Microtubules are rather passive structures since they do not interact directly with organelles. The movement of organelles along the microtubules is produced by the activity of proteins known as motor proteins. There are two families of motor proteins: kinesins and dyneins. Both can "walk" along the external surface of microtubule walls. Kinesins go toward the plus end, whereas dyneins go toward the minus end. Their molecular structure has two globular domains and a tail domain. The globular domains bind ATP, generate the movement, and interact directly with the microtubule, whereas the tail selects and binds the cargoes (mainly organelles). ATP hydrolysis in the globular part leads to tridimensional molecular changes that allow the movement of the protein along the microtubule, dragging the cargo. Besides moving cargoes through the cytoplasm, motor proteins are also involved in the shape and localization of some organelles such as the Golgi complex and endoplasmic reticulum. Addition of colchicine depolymerizes the microtubular system of the cell, and both organelles collapse and divide in small vesicles scattered through the cytoplasm. When colchicine is removed and microtubule repolymerization occurs, both organelles get again the typical shape and cellular localization. These experiments indicate that there are proteins in the membranes of these organelles that are recognized by motor proteins.

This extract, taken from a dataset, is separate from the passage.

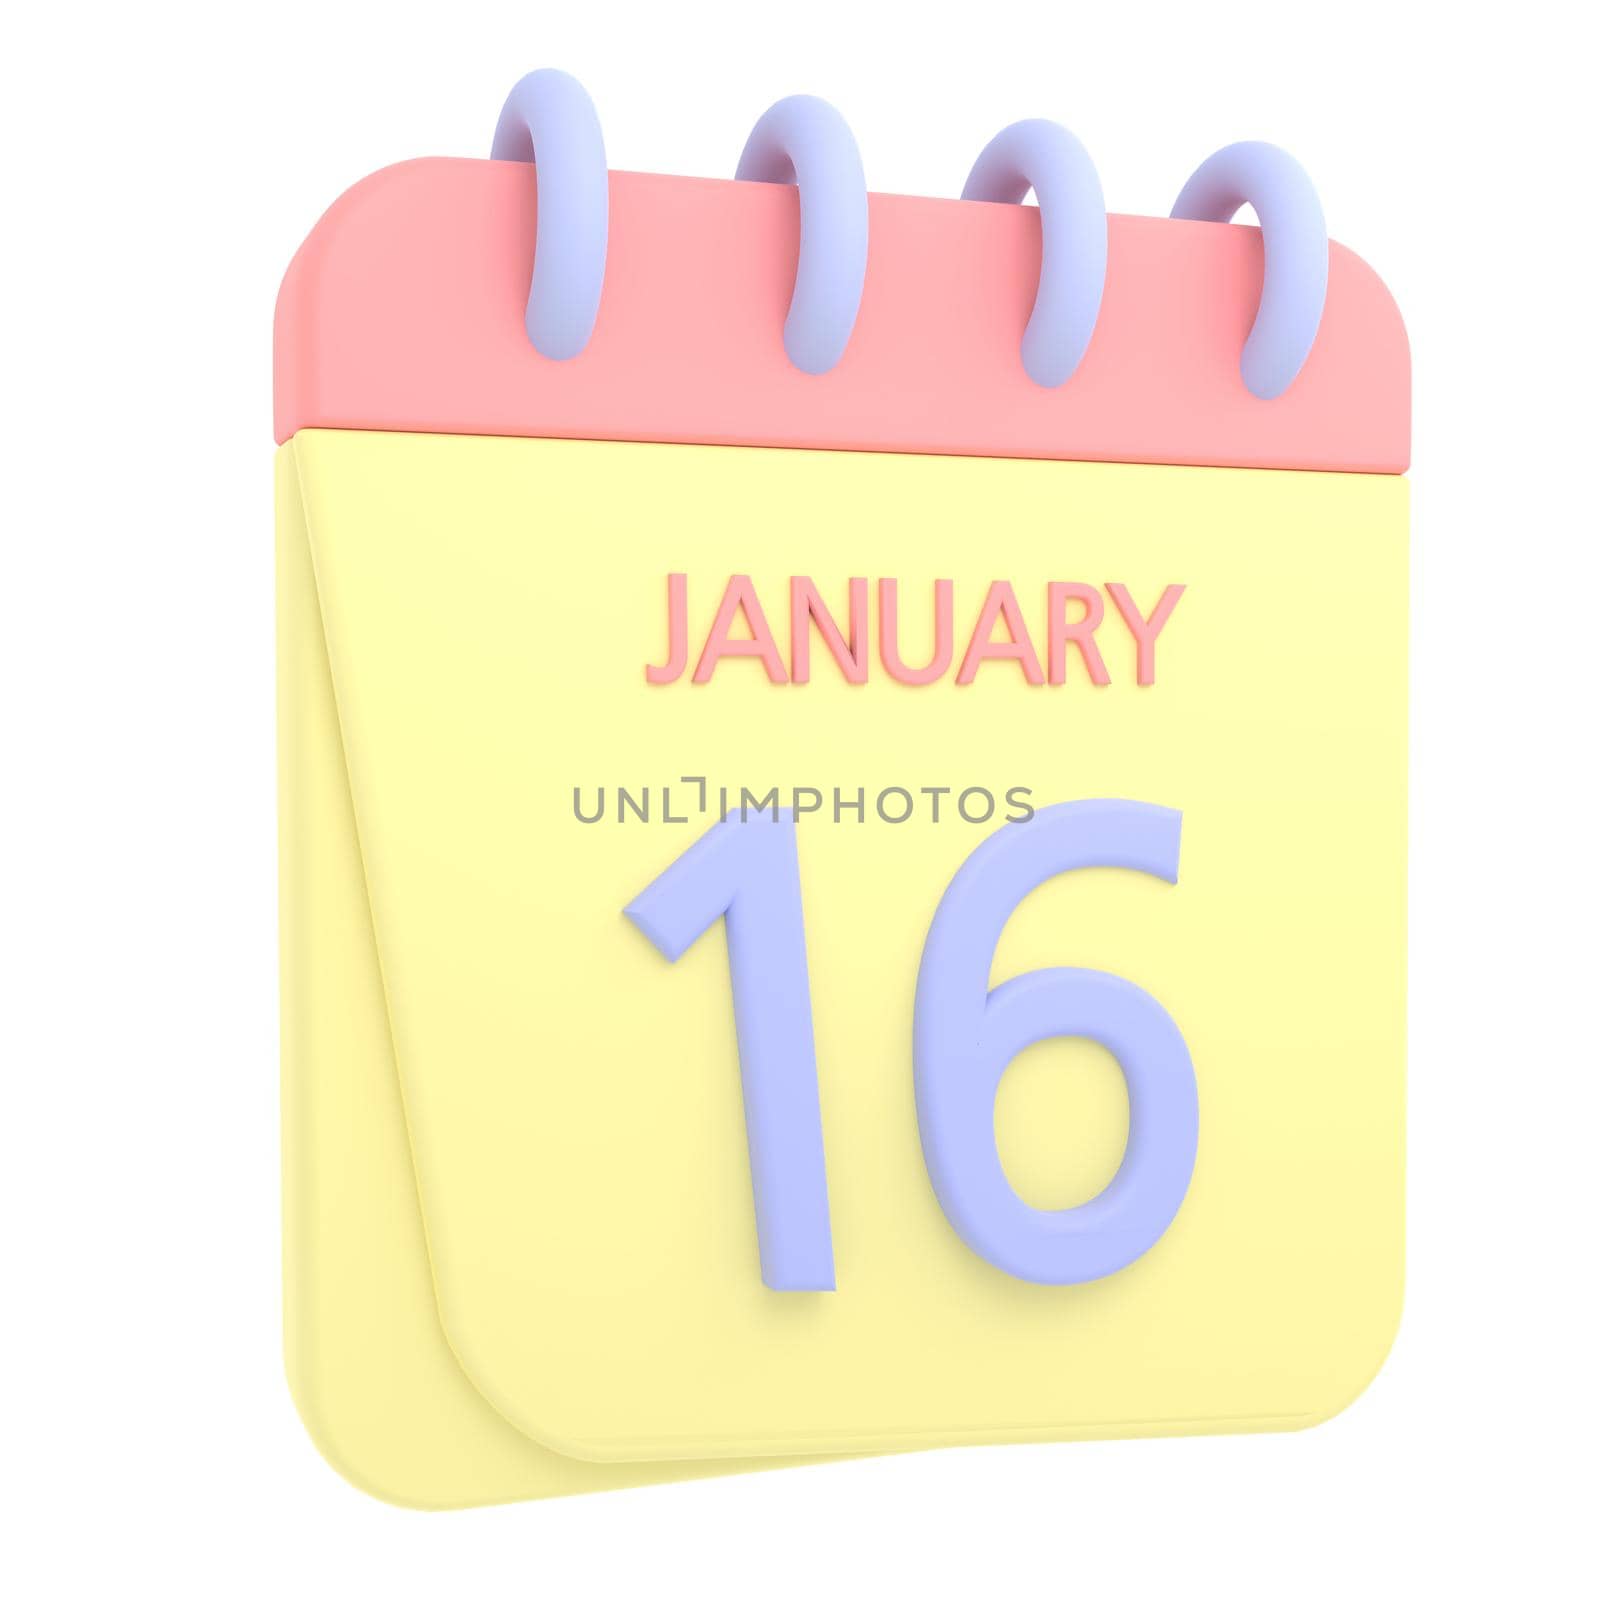 16th January 3D calendar icon by AnnaMarin

Cilia and flagella are cellular structures protruding from the cell surface, contain microtubules, and are delimited by plasma membrane. Cells use cilia and flagella to move the surrounding liquid. They are also sensory structures. Cilia are shorter than flagella, are more numerous, and their movements propel the liquid parallel to the cell surface. Flagella move the surrounding liquid perpendicular to the cell surface.
Cilia and flagella are complex structures made up of more than 250 different proteins. Both have a central structure of microtubules known as axoneme, surrounded by the plasma membrane. Axoneme is formed by 9 outer pairs of microtubules, plus a central pair of microtubules. This organization is written down as 9x2+2. Microtubules of the axoneme grow from the microtubules of the basal body. Basal body have 9 triplets of microtubules (i.e. 9x3+0). The axoneme organization is strengthened by a scaffold of proteins. The outer pairs of microtubules of the axoneme are connected between each other by nexin proteins, whereas protein spokes connect the outer pairs with the central pair. The motor protein dynein is located between the outer pairs. Dynein is involved in the movement of cilia and flagella. The movement is a consequence of the sliding of one outer pair over another adjacent one, which forces the bending of the axoneme.

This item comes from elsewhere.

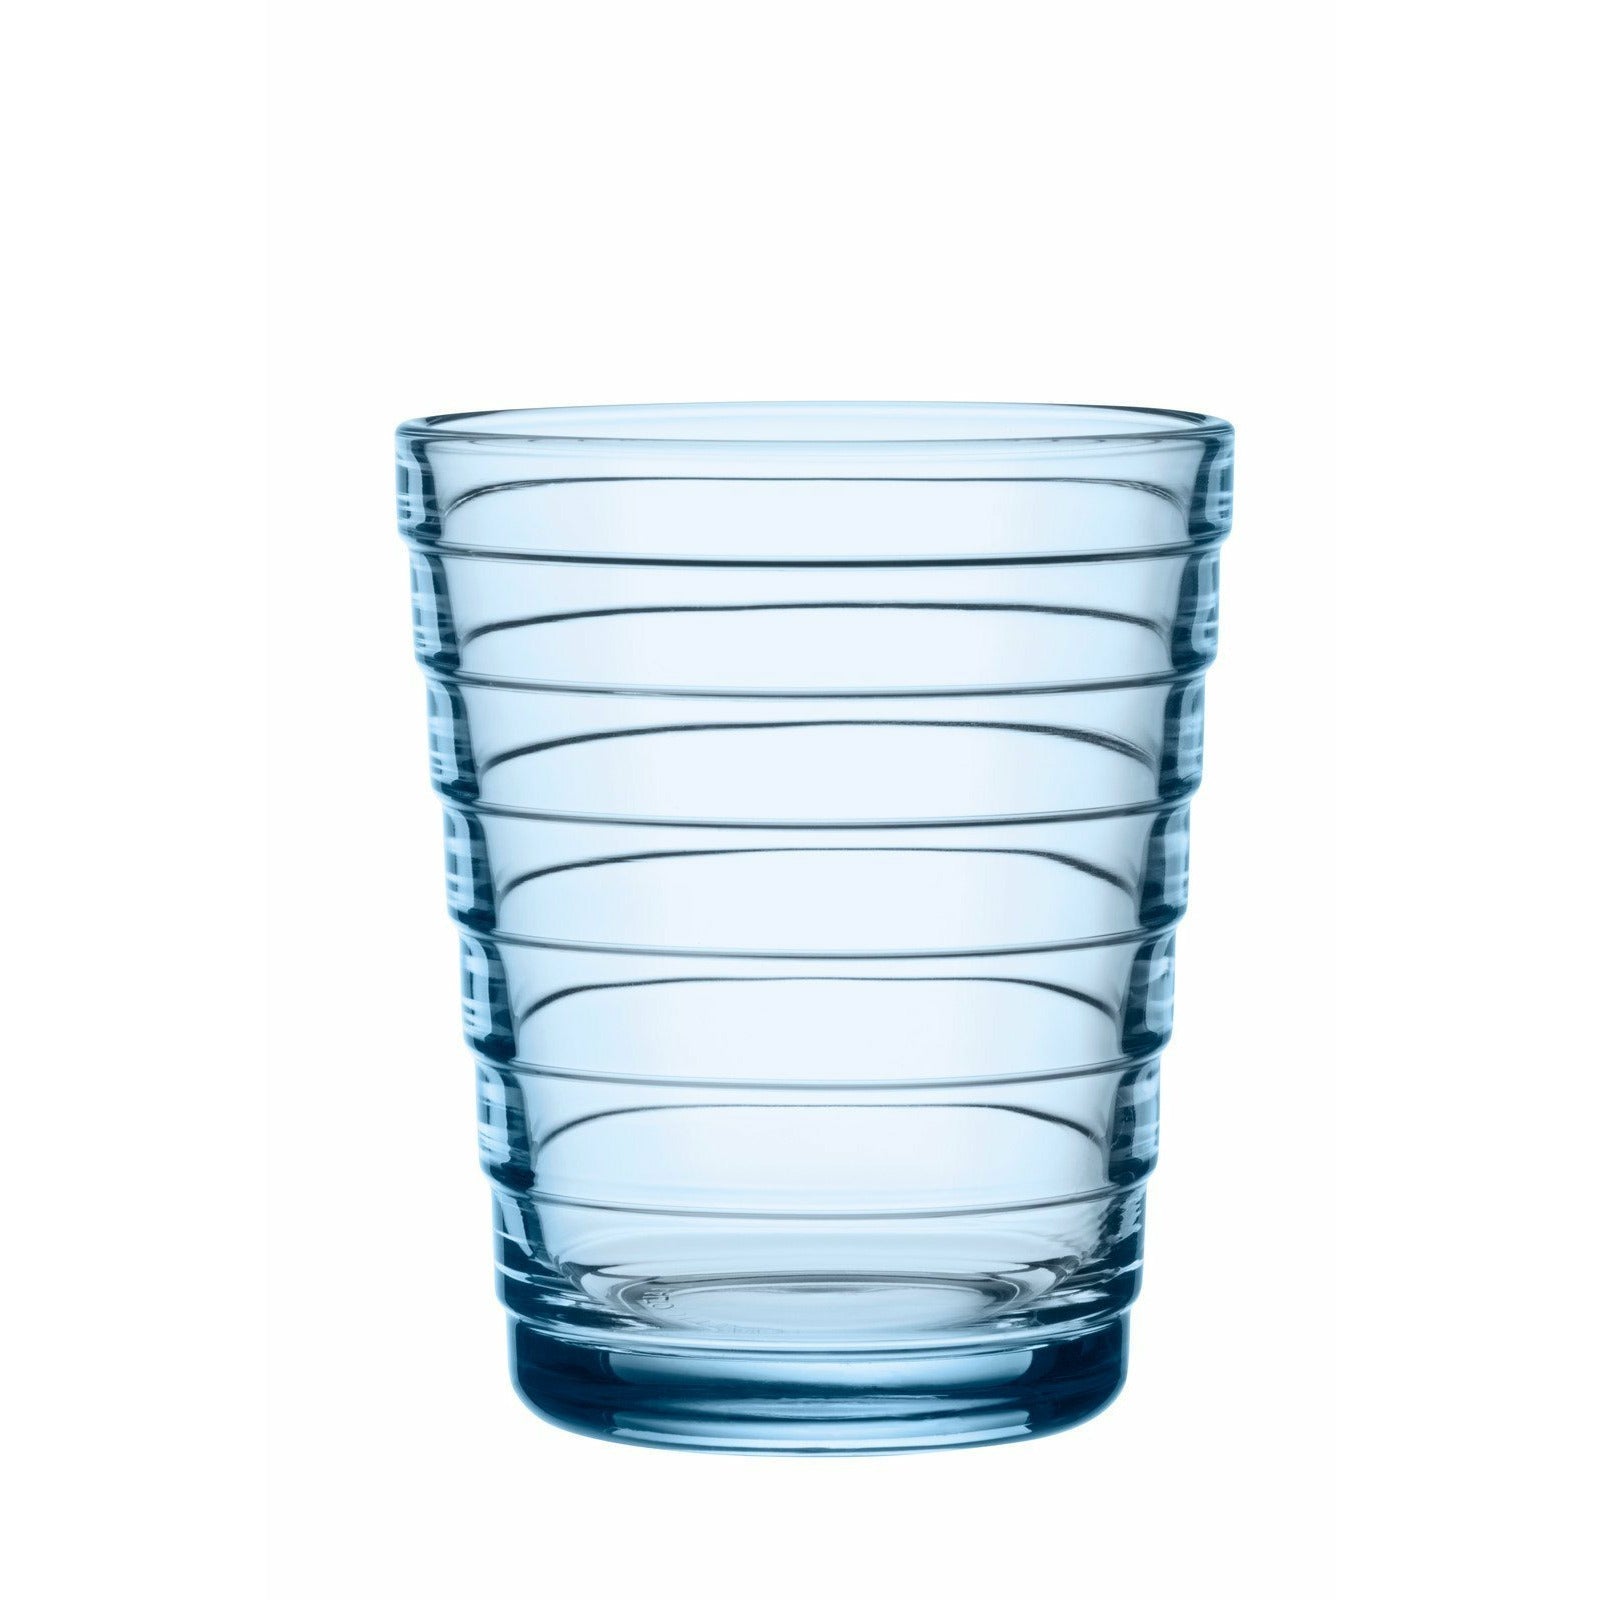 Iittala Aino Aalto Trinkglas Aqua 22cl, 2pcs.

Some type of cilia are known as primary cilia. Primary cilia cannot move, are scarce, and sometimes appear alone in the cells. At least one cilium is present in most of the animal cells studied so far. Primary cilia bear in their membranes many receptors and ionic channels, so that a sensory role has been suggested. Nowadays, both primary and moving cilia are thought to develop a sensory function since both of them have receptors in their membranes.
Ohi R, Zanic M. 2016. Ahead of the curve: new insights into microtubule dynamics. F1000Research. 5:314.